After an obscure single failed to chart, the group eventually changed styles and members when psychedelic rock became all the rage, with only Whitten, Talbot, and Ralph Molina remaining, they also picked up instruments (Whitten on guitar, Talbot on bass, and Molina on drums). Changing the band's name to the Rockets, the trio enlisted members George and Leon Whitsell (both guitarists), and to give its sound an original twist, electric violinist Bobby Notkoff. The Rockets issued a lone, underappreciated self-titled debut in 1968, which came and went with little fanfare. But the band did make a fan out of Buffalo Springfield member Neil Young, who had jammed with the group on-stage while they were performing an extended residency at the famed Whisky A Go-Go on the Sunset Strip.
After Young had split from Springfield and issued a solo debut, he wanted to assemble a raw and rocking band for a set of new tunes he'd penned for his second solo album so he invited the trio of Whitten, Talbot, and Molina to play on it. They accepted, which brought the end of the Rockets and the birth of Neil Young & Crazy Horse. The resulting album, 1969's Everybody Knows This Is Nowhere, not only remains one of Young's best albums, but one of rock's all-time classics, spawning such radio staples as "Cinnamon Girl" and the jamfests "Down by the River" and "Cowgirl in the Sand" -- the latter two tracks showing that Young had found a perfect guitar foil in Whitten. The new group toured to enthusiastic audiences (Young thought of the group as his "Rolling Stones," while another group he was in at the same time, Crosby, Stills, Nash & Young, as his "Beatles") as Crazy Horse contributed to Young's next album, 1970's classic After the Goldrush (which included another Whitten/Young guitar duel in "Southern Man").

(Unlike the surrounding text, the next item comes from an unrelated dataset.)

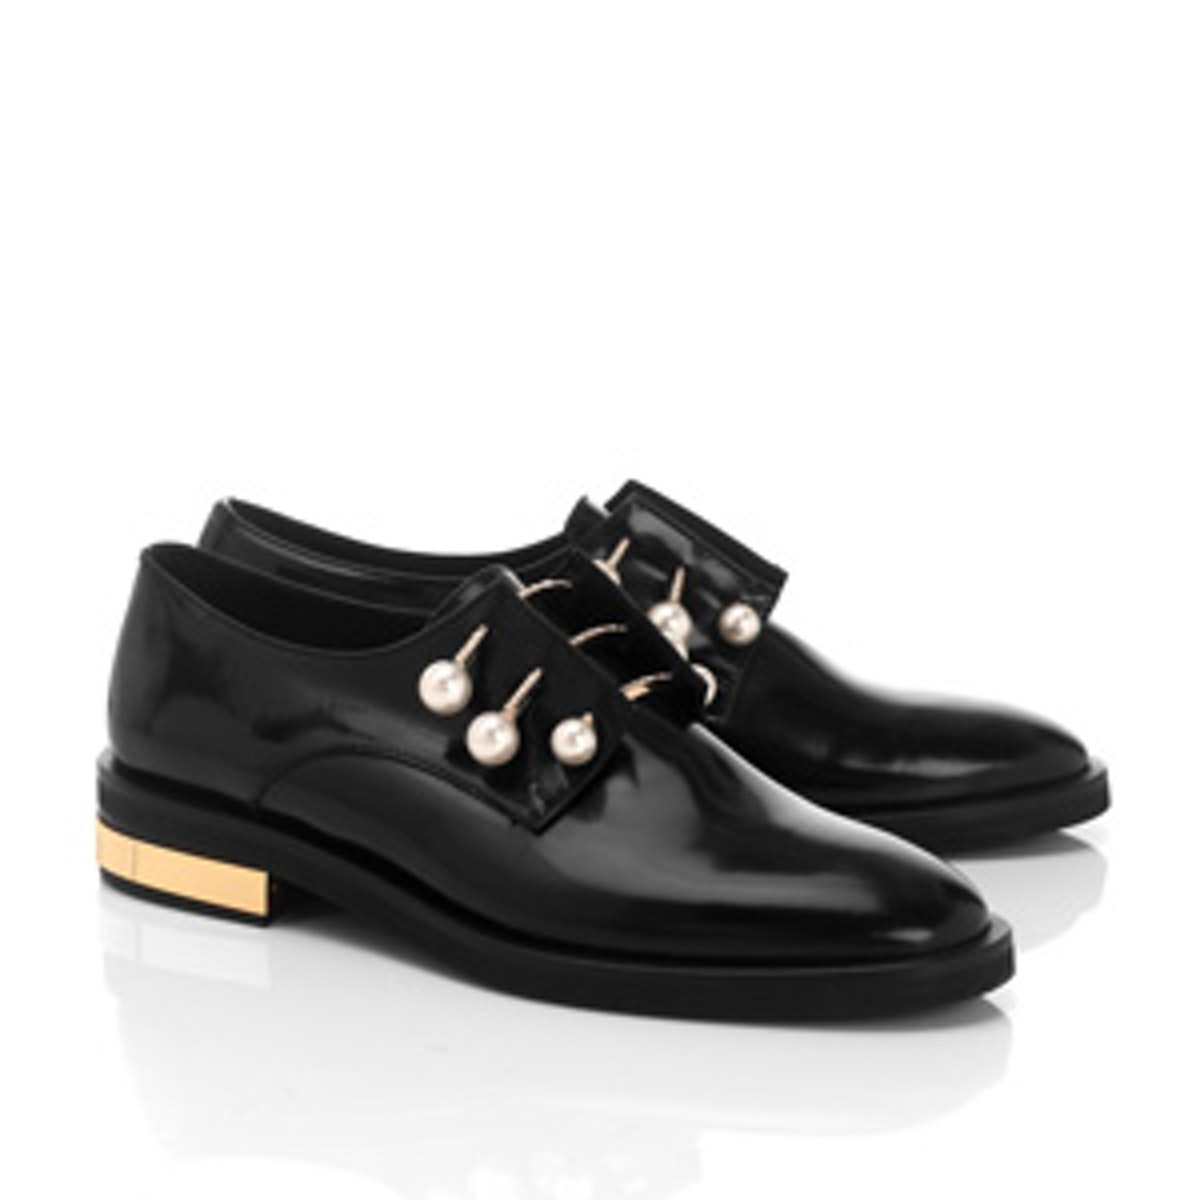 Black Leather Derby Fernanda Shoes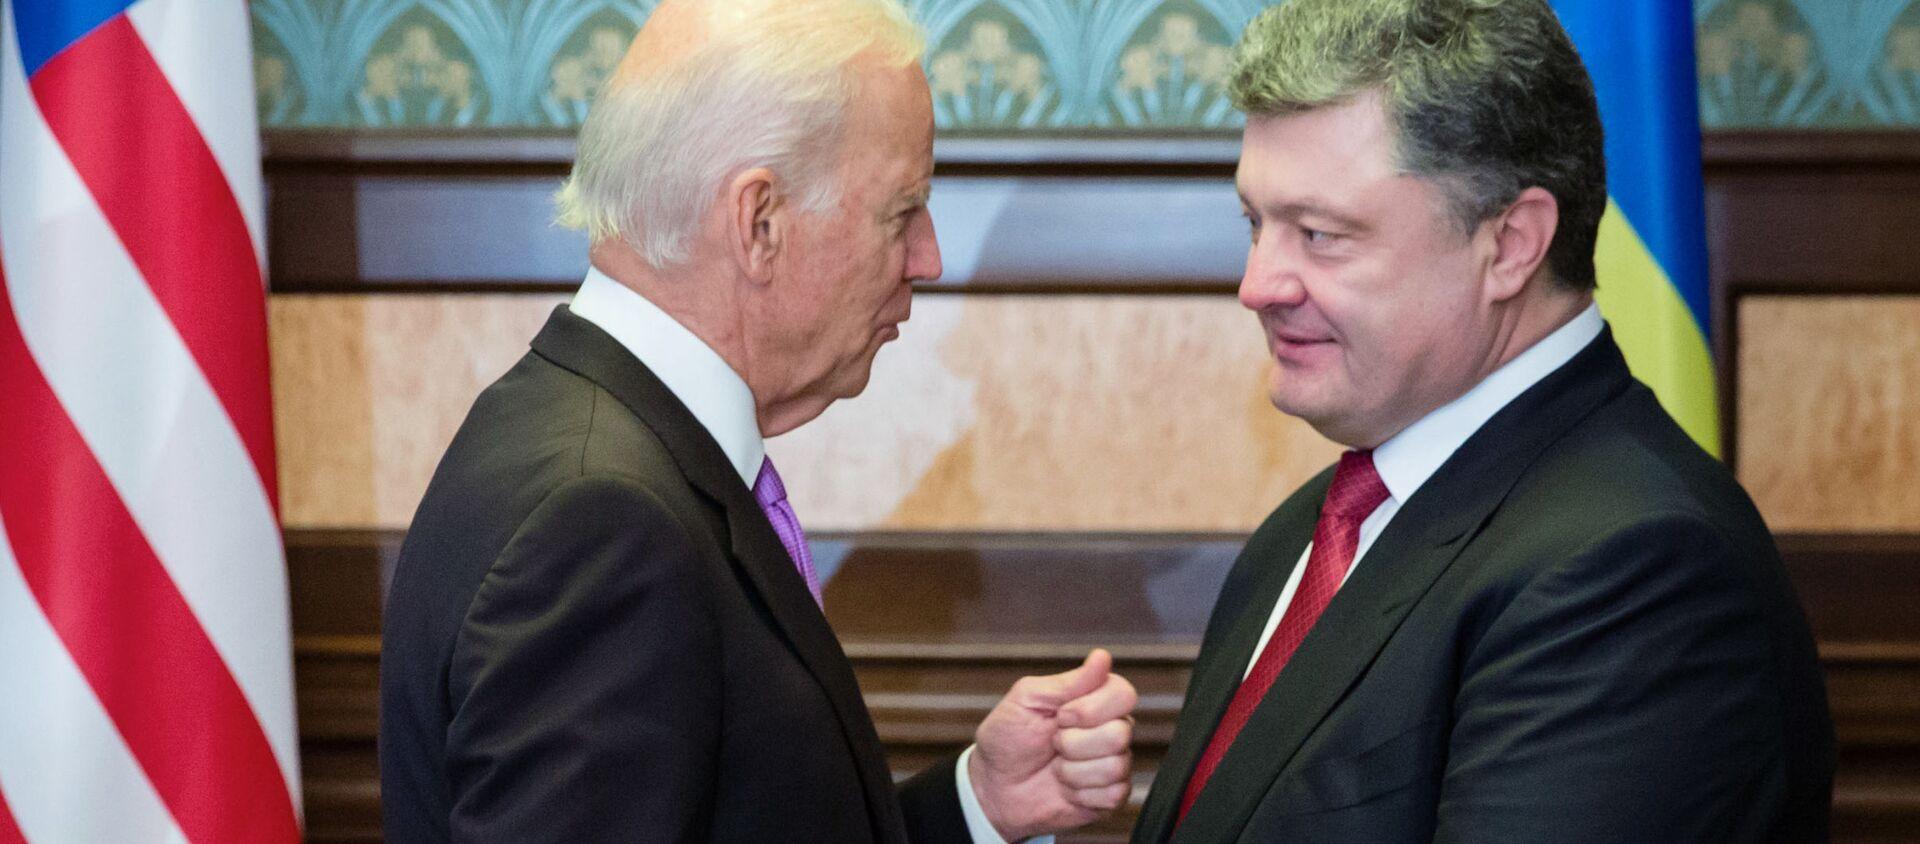 US Vice President Joe Biden (left) and Ukrainian President Petro Poroshenko during a meeting in Kiev - Sputnik International, 1920, 17.08.2020

Crazy Horse signed a record deal with Reprise Records around this time, issuing a self-titled debut in 1971 (adding extra members Nils Lofgren on guitar and Jack Nitzsche on piano). Although the album failed to match the commercial success of their work with Young, it received favorable reviews -- especially the Whitten-penned and sung ballad "I Don't Want to Talk About It." But instead of enjoying his newly found success, Whitten sank further and further into heroin addiction -- leading to his dismissal from Crazy Horse shortly after the debut's release (the group would carry on with replacement members), and serving as the inspiration for Young's classic "The Needle and the Damage Done." With Whitten growing dangerously more out of control now that he had no musical outlet, his old friend Young invited him to play guitar as part of a group he was assembling to tour arenas in late 1973, figuring it may finally help Whitten set his life straight. The only prerequisite Young asked from Whitten was that he be completely drug-free, which Whitten accomplished by replacing heroin with another vice -- alcohol. When Whitten proved to barely be able to play, he was sent back home.
The same night he was fired, November 18, 1972, and given 50 dollars for a plane ticket to fly back home, he was found dead from a drug overdose at the age of 29 (Molina would later admit that in addition to his drug problems, Whitten was also distraught over his mother's then-recent death). Whitten's death would later serve as the basis for one of Young's darkest songs (and albums), "Tonight's the Night," while Young would eventually reunite with Crazy Horse, and new member Frank "Poncho" Sampedro taking Whitten's place in the group. Whitten's death remains a sad waste of talent as artists like Rod Stewart, Rita Coolidge, Everything but the Girl, and Nils Lofgren have covered his aforementioned ballad "I Don't Want to Talk About It" over the years. Whitten was also discussed (albeit briefly) in the 1997 Neil Young & Crazy Horse documentary Year of the Horse.